Phrynomedusa fimbriata
- Conservation status: Extinct (IUCN 3.1)

Scientific classification
- Kingdom: Animalia
- Phylum: Chordata
- Class: Amphibia
- Order: Anura
- Family: Phyllomedusidae
- Genus: Phrynomedusa
- Species: †P. fimbriata
- Binomial name: †Phrynomedusa fimbriata Miranda-Ribeiro, 1923
- Synonyms: Phyllomedusa fimbriata (Miranda-Ribeiro, 1923)

= Phrynomedusa fimbriata =

- Authority: Miranda-Ribeiro, 1923
- Conservation status: EX
- Synonyms: Phyllomedusa fimbriata (Miranda-Ribeiro, 1923)

Extinct species of amphibian

Phrynomedusa fimbriata, the spiny-knee leaf frog, is an extinct species of tree frog. It was endemic to Brazil, where the only known specimen was discovered near Paranapiacaba in the state of São Paulo. The type locality was given as Alto da Serra. While the species might still exist, having only been found once in the 1898, no trace of any individuals have been discovered in successive expeditions.

== Description ==
This species is only known from the holotype, an adult female measuring 46 mm in snout–vent length. The specimen was collected in 1898 and is now in bad condition with completely faded colors. At the time of species description, the holotype was dorsally pale blue and ventrally reddish yellow.
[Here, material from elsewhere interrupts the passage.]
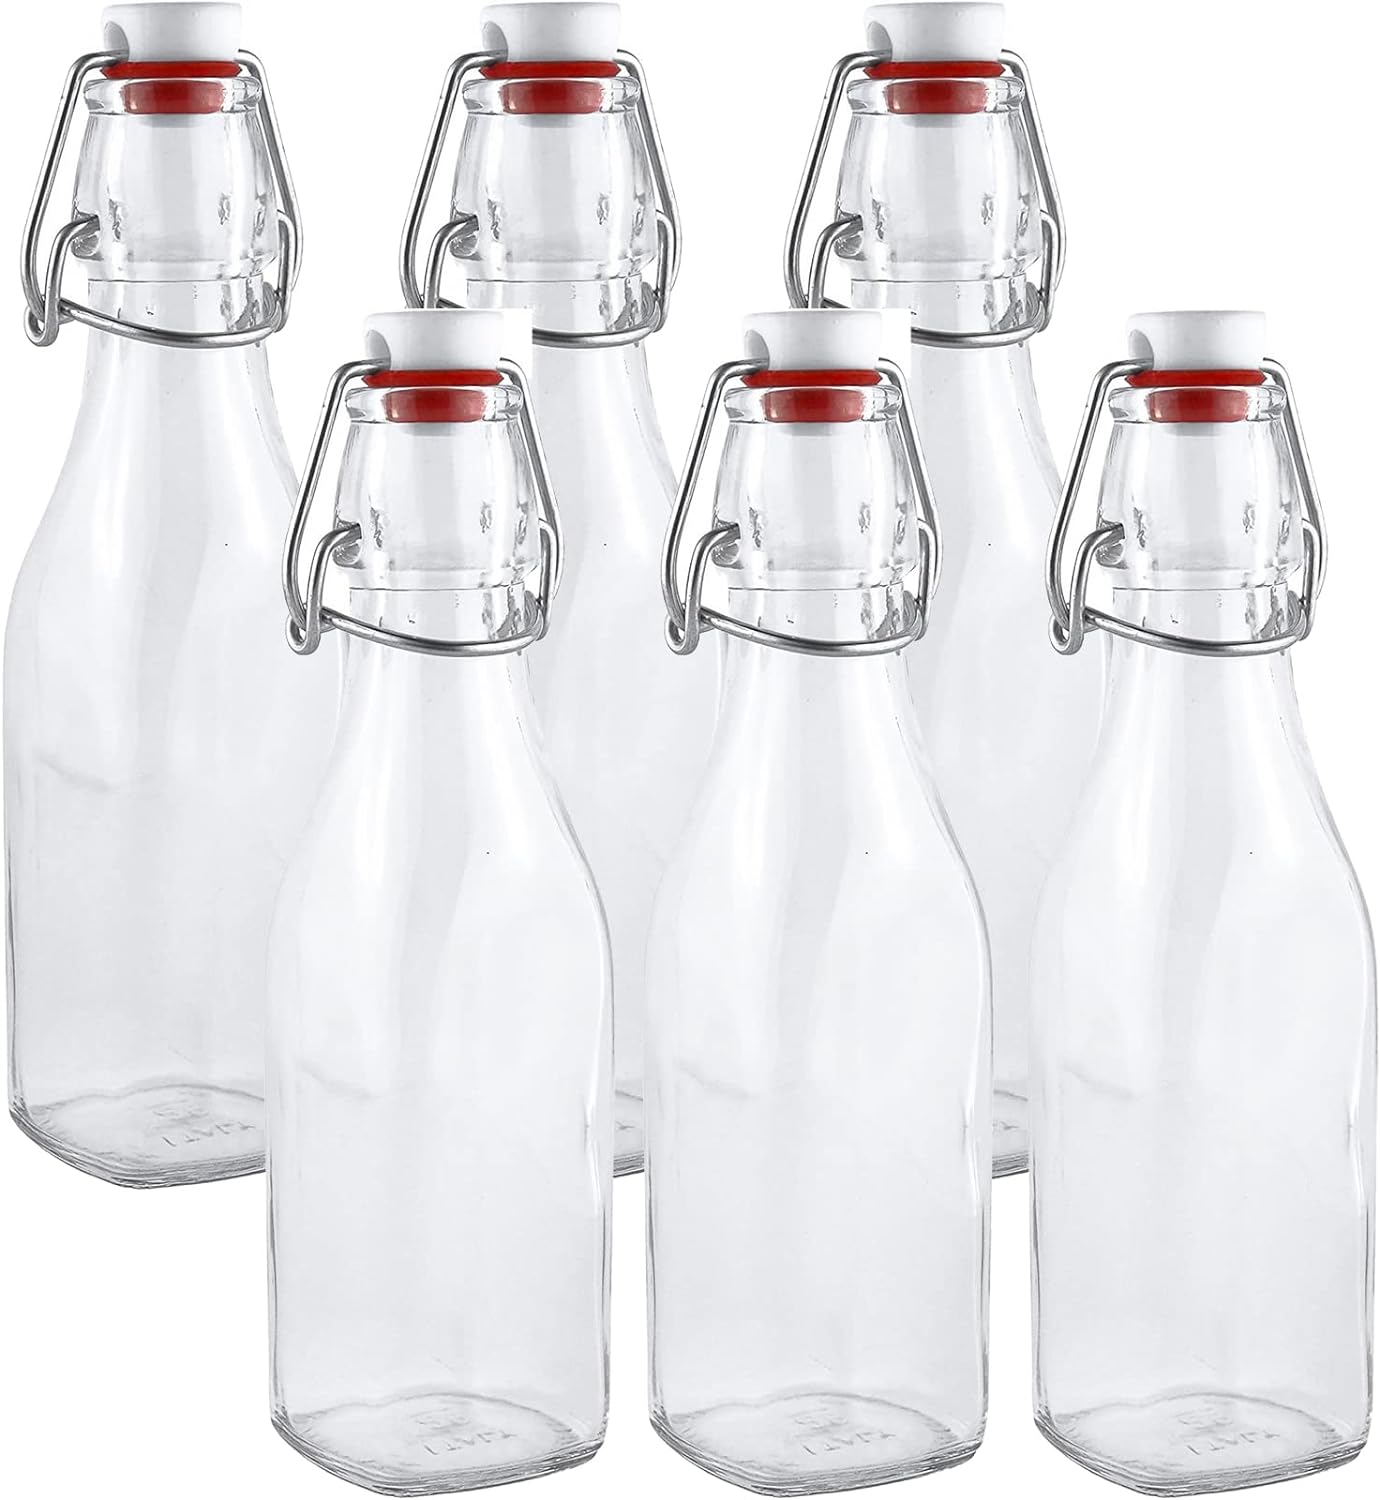 Quadra Bottles 8.5 Oz 15 Sets of Premium Commercial Grade Glass Square Bottle

Phrynomedusa fimbriata is a relatively robust frog for its genus. The snout is acuminate in dorsal view and markedly oblique in lateral view. The tympanum is visible, rounded, and has a visible tympanic annulus. The limbs are slender. The fingers and toes are slender and have reduced webbing and rounded adhesive discs.

==Habitat and conservation==
The natural history of this species is unknown. Possibly it was a high-altitude stream-breeder. The reason for its disappearance are unknown. The area hosts some protected areas, namely the Serra do Mar State Park and Reserva Biológica do Alto da Serra de Paranapiacaba.